Talk to Your Child About Bullying

Ask your child to tell you more about any incidents he's mentioned, or say that you've noticed he doesn't seem to like his sport as much as he used to. It's important to ask questions calmly and also to avoid shaming your child as you gather information.

Of course, any bullying your child is experiencing isn't his fault, so make that clear. You want him to know that you're on his side and ready to help him get through this. Be sure to tell him that you're proud of him for telling you what's going on. That's not easy for most kids to do.

Take Action Against Bullying in Sports

It's important to get involved right away. Kids in this situation really need help from trusted adults, so don't expect your child to go it alone. The National Alliance for Youth Sports (NAYS) offers these tips kids can use when they're confronted with bullying. Talk them over with your child. Sometimes role-playing helps too.

  • Take a deep breath and let the air out slowly.
  • Stand tall with your head up.
  • Keep your hands at their sides.
  • Have a relaxed and focused facial expression, not angry or laughing.
  • Maintain eye contact.
  • Speak with a calm voice but loud enough to be heard by the child who is bullying or those who are witnesses.
  • Use non-confrontational words but with a confident tone of voice. (He might say, "That's bullying and I don't like it. Stop it so we can all have fun here.")
  • Avoid name-calling or making threats.
  • Avoid finger-pointing or other threatening gestures.
  • Be brief and direct with your responses.
  • Avoid bringing up old grudges.

While empowering your child is important and helpful, it's likely you'll also need to bring this issue up with his coach, too. (Avoid contacting the bullies or their parents yourself, or making your child meet with them.)
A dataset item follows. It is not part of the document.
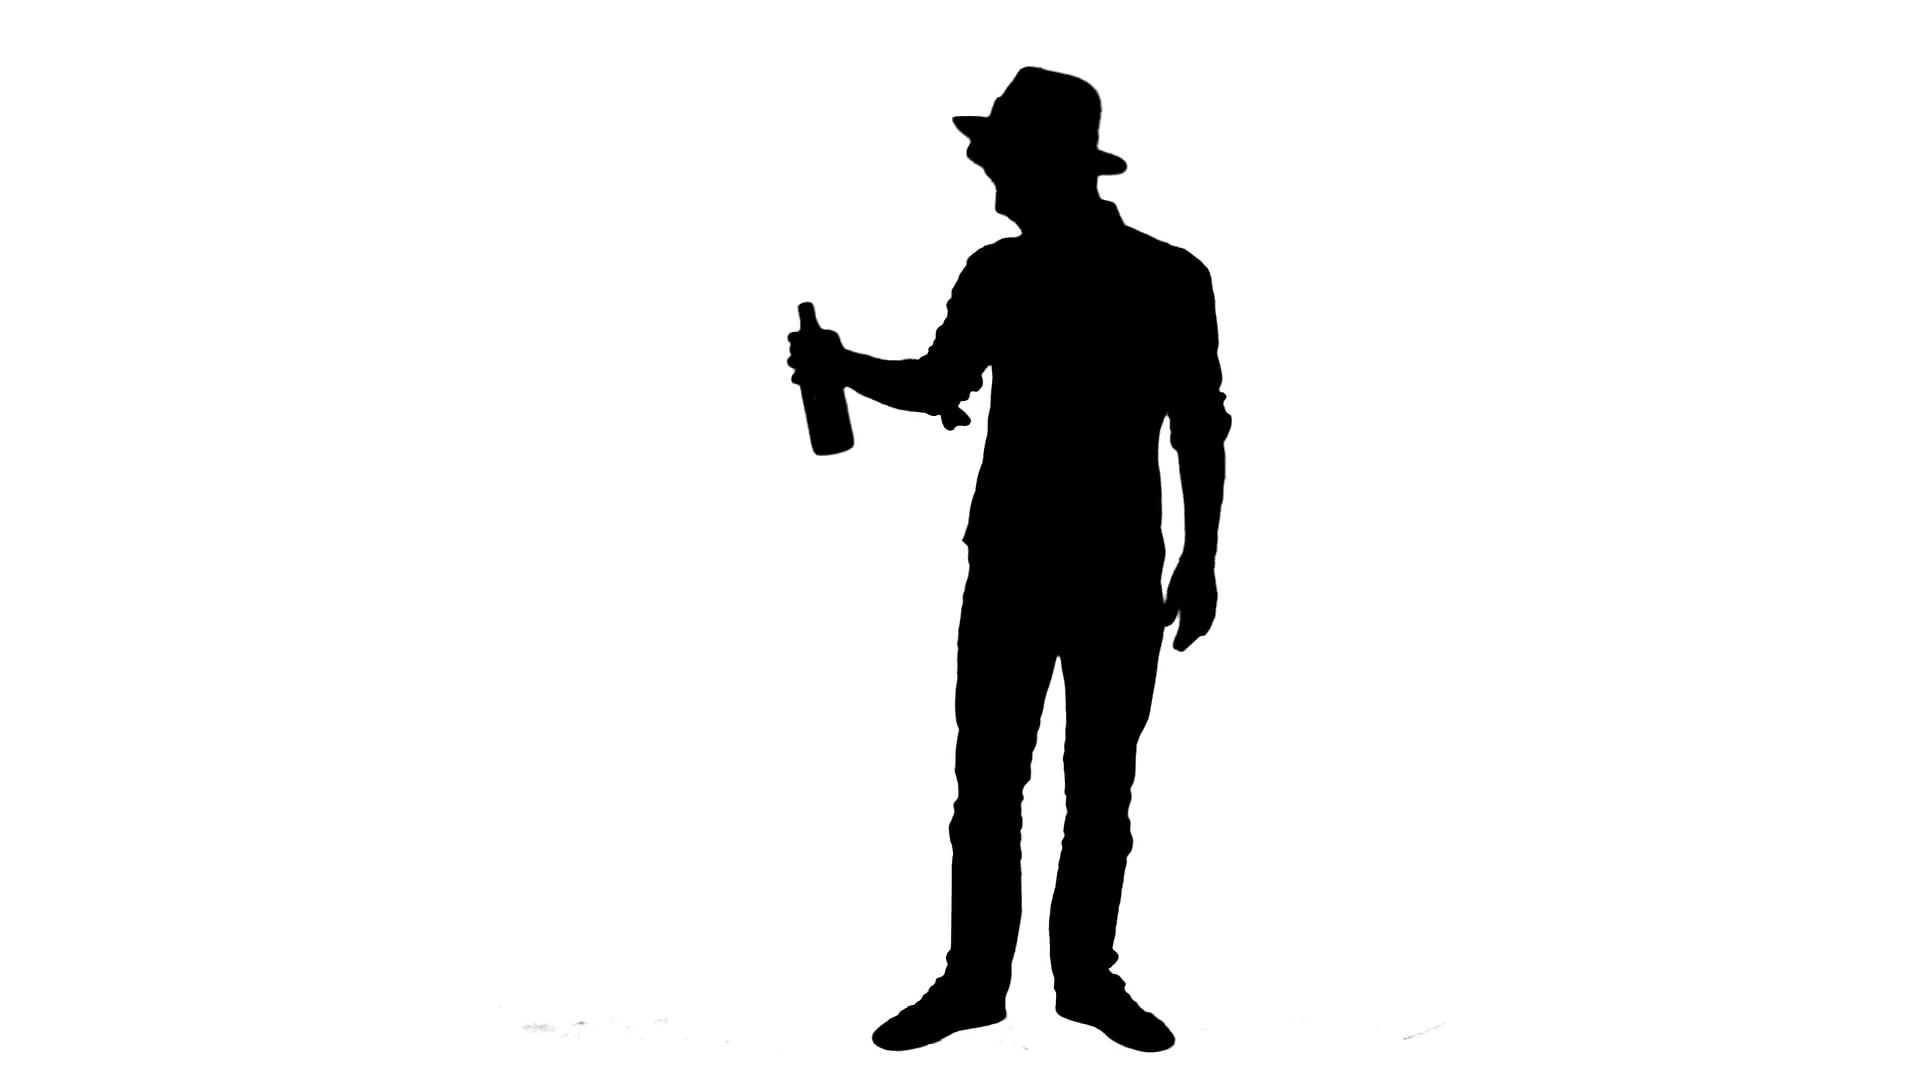 1920x1080 Drunk Man Silhouette Cowboy Style

A face-to-face meeting with the coach is best, says NAYS, because it shows you take this seriously.

The coach needs to be an ally for all of his players. Ask what the coach can do to help your child (and every child) feel safe as a member of the team. If you're not satisfied with his response or it's not effective, contact the baseball league's administrators to ask for their help. Keep your child in the loop, too. He may have his own ideas about what would make him feel safe. If that includes switching teams or even quitting, support his decision.